The Thrall & Detriment of Distraction: How the Focus of Meditation Can Help Us Show Up

Written by: Halli Bourne

But my brain, I realized, wasn’t just drifting. It was hungry. It was demanding to be fed the way the Net fed it—and the more it was fed, the hungrier it became… I wanted to be connected.

—Nicholas Carr, The Shallows: What the Internet Is Doing to Our Brains

A reason to move through life quickly is to avoid the incessant white noise buzzing in our minds… the pressure, the pace, the onslaught of doing, doing and more doing; the irrepressible self-judgment and judgment of others; unpleasant feelings of anger, grief, uncertainty, doubt, fear, confusion, guilt and more; obsession over past mistakes and fear of future ones; swirling worst-case scenarios; and the inability to accept change and mortality. And when the fearsome space of unfilled silence creeps up and the dearth of activity disagreeably ensues, we reach for distraction to substitute for the peace we don’t know how to access, and perhaps assumed was futile. And the more we distract ourselves, the more insistent the internal din becomes, and the more elaborate our mechanisms for denial.  And the more we deny, the more identified we become with who we are not, ever more distanced from our authentic being and sincere, unfettered connection with others.

Cars, computers and the Internet were sold to us as solutions for us to get places faster, to accomplish tasks more quickly, to have all knowledge at our fingertips and liberate us from menial tasks so we might do what matters to us.  Instead, we have become slaves to maintaining our machines and the barrage of information and interaction from emails and texts, social media, and Google searches. Who has the time to feel?  What point is there to feeling if feeling feels so bad and boring?  What benefits could there possibly be in slowing down, getting quiet and asking questions of our mental din?

In this light, sitting down to voluntarily do nothing seems a ridiculous proposition.  In deciding to meditate, one agrees to put all else aside to be with oneself, deliberately turning away from the thrall and mental morass of distraction.  It is in the consistent commitment to turning away that we begin to realize how much distraction is not external but rather lives inside us.  Herein lies the hope and the true power meditation extends:  as we develop the skill to non-reactively observe the personal and egoic nature of our disturbing thoughts, we grow in understanding, empathy, courage and calm.

While popular science tells us that meditation lowers blood pressure, improves sleep and brain function, it would be foolhardy to conclude that it is a magic bullet, that it is easy or will deliver its benefits quickly.  Far from doing nothing, meditation is a deliberate act of letting go. When we are in the habit of resisting, judging and blaming–assured roads to suffering–letting go requires devotion and intention, willpower and faith.  Any worthwhile skill is cultivated through attention and practice and meditation is no different.  Meditation is actually self-guided mental training in which we learn to focus on the unfolding moment within ourselves, free from commentary or the input of others.

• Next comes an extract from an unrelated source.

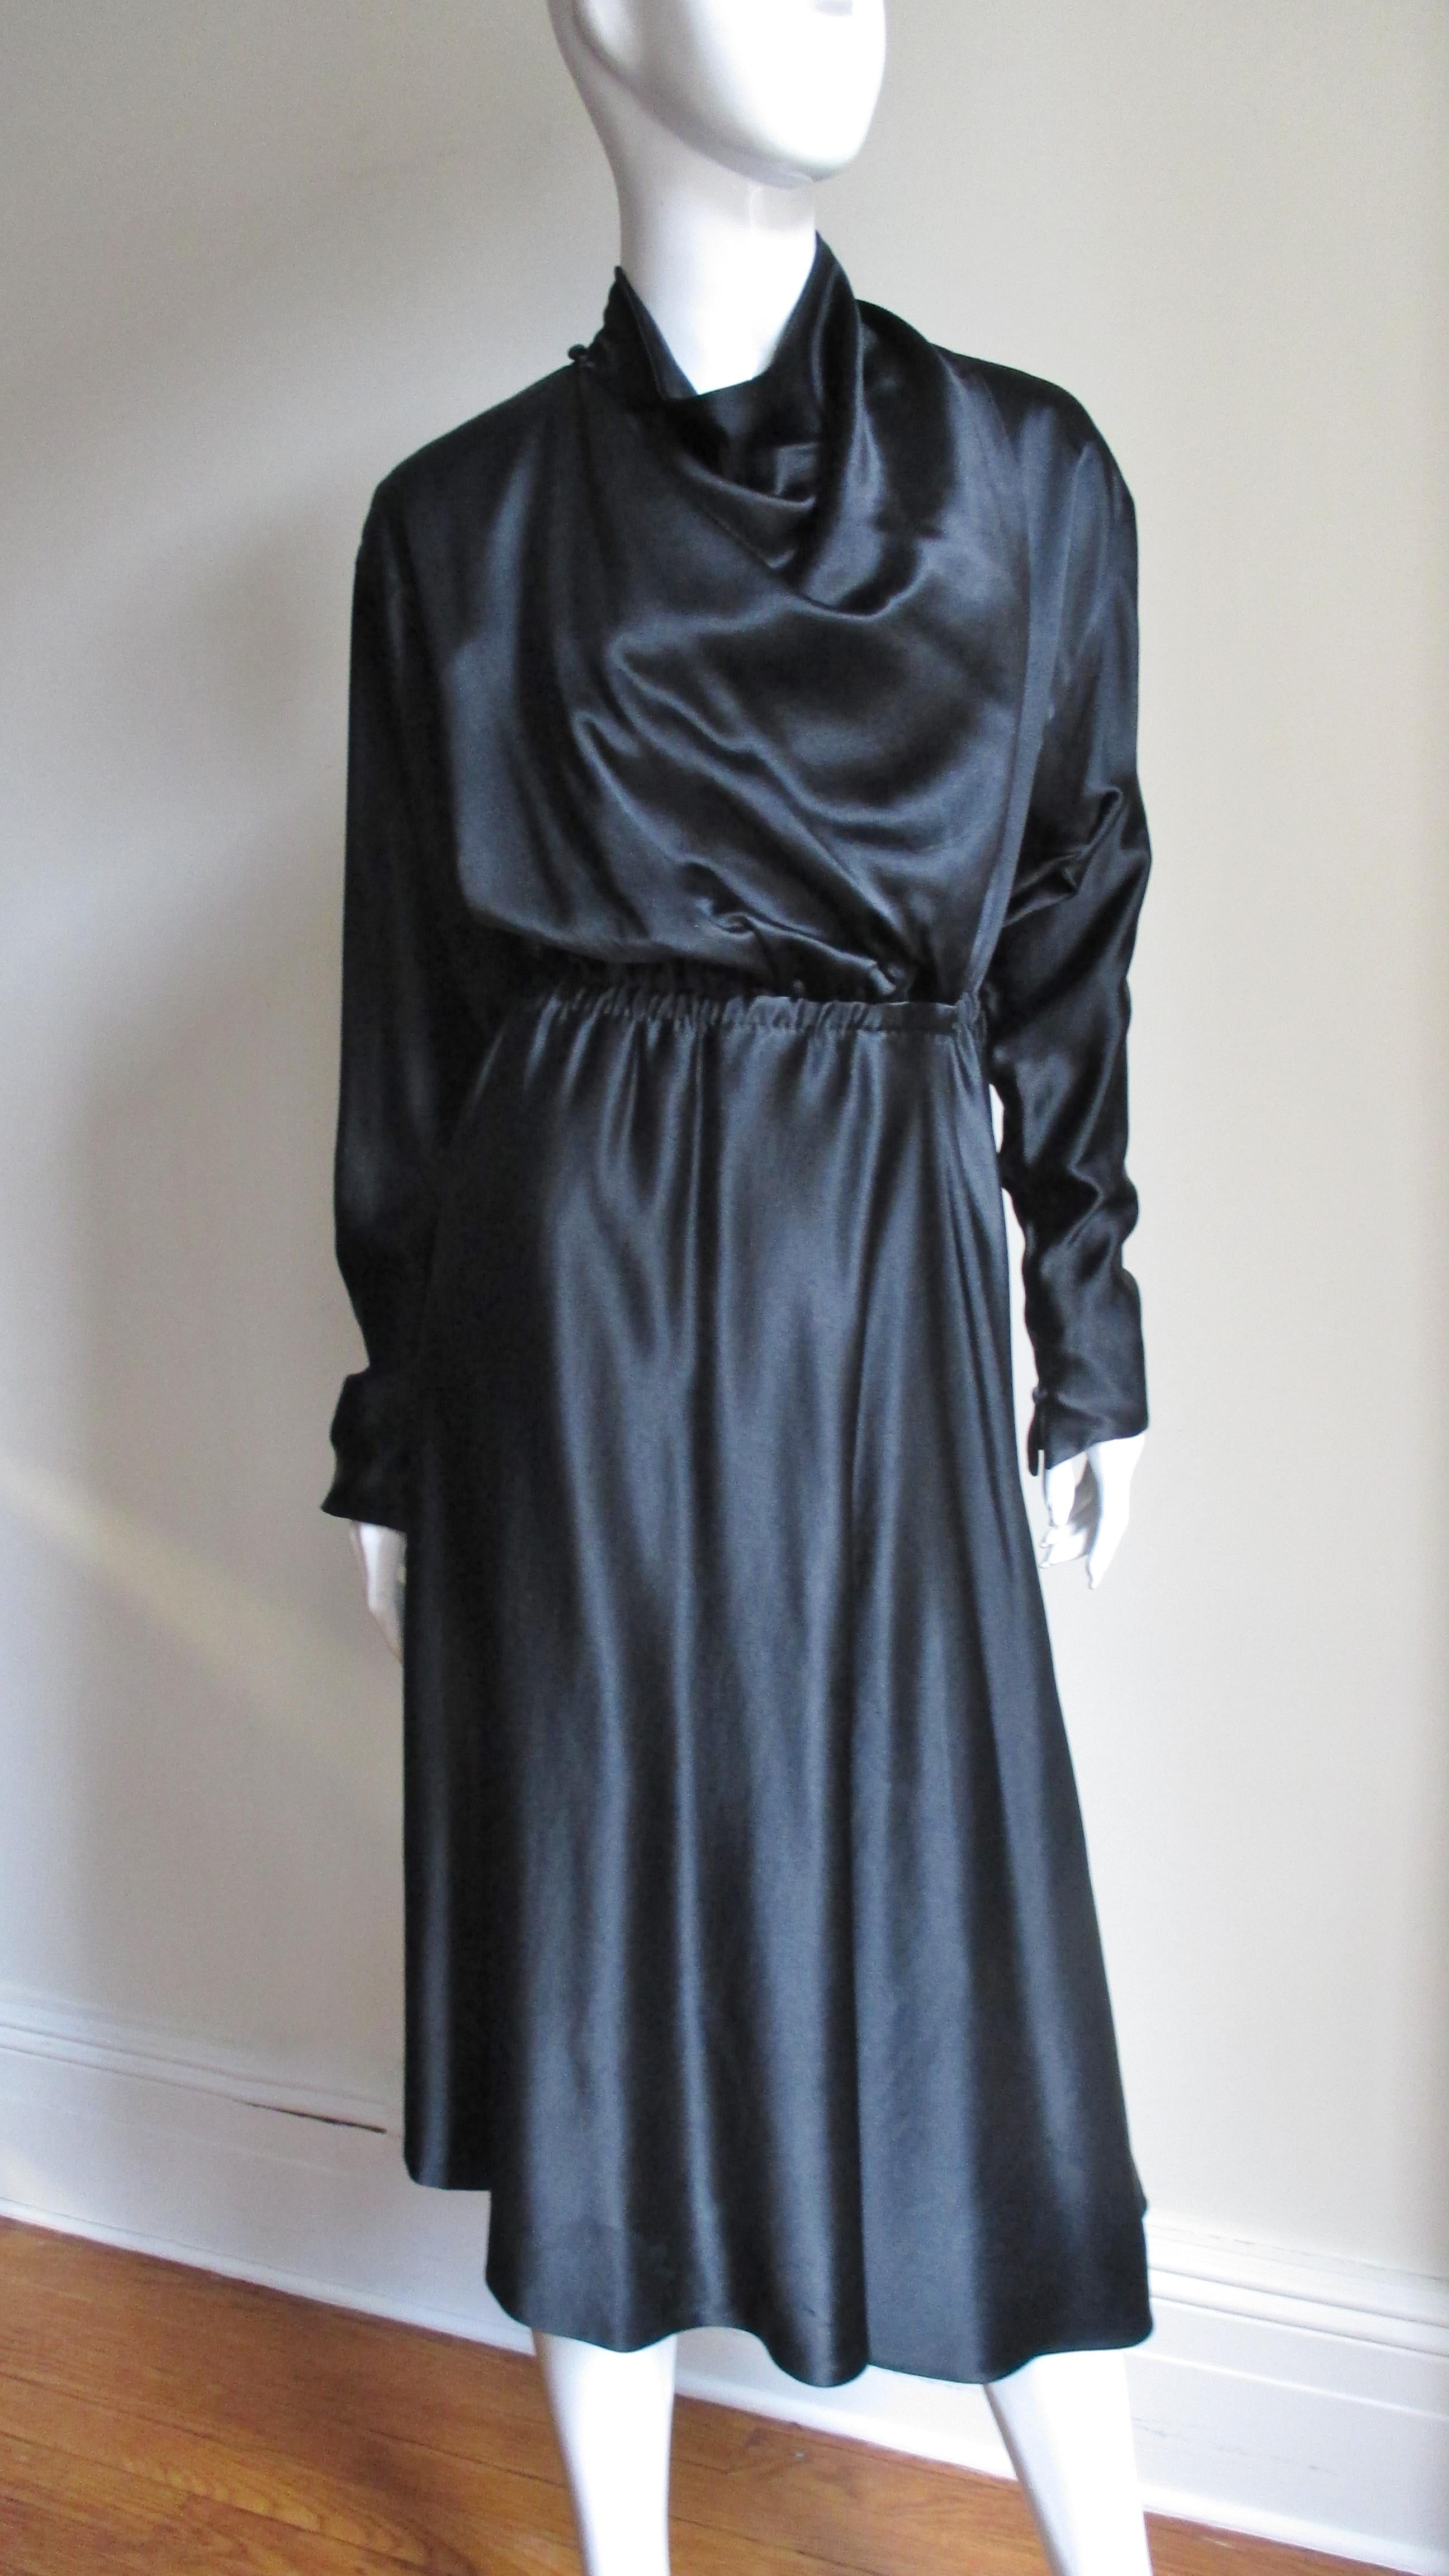 Ein wunderschönes, schwarzes Wickelkleid aus Seide von Halston.  Es hat eine Wickelvorderseite, einen drapierten Halsausschnitt und lange Dolman-Ärmel mit spitzen Manschetten, die mit einem kleinen, selbst bezogenen Knopf geschlossen werden.  Die

While we have naively trusted that the Internet and smart phones will make us feel more connected, we have instead lost connection with our sense of who we are and who we’re meant to be, diminished our ability to be informed by the voice of our soul rather than media, our society, our friends and family.  As we dart about in the distraction that material reality endlessly supplies, we lose the ability to appreciate the simple pleasure of breathing deeply, of feeling warm in winter or watching one more unrepeatable sunset.  A reason to move through life more slowly, to engender moments of inactivity and silence, is to relax our need to be other than we are, to understand what motivates us and to liberate energy to show up for our lives with presence and contentment.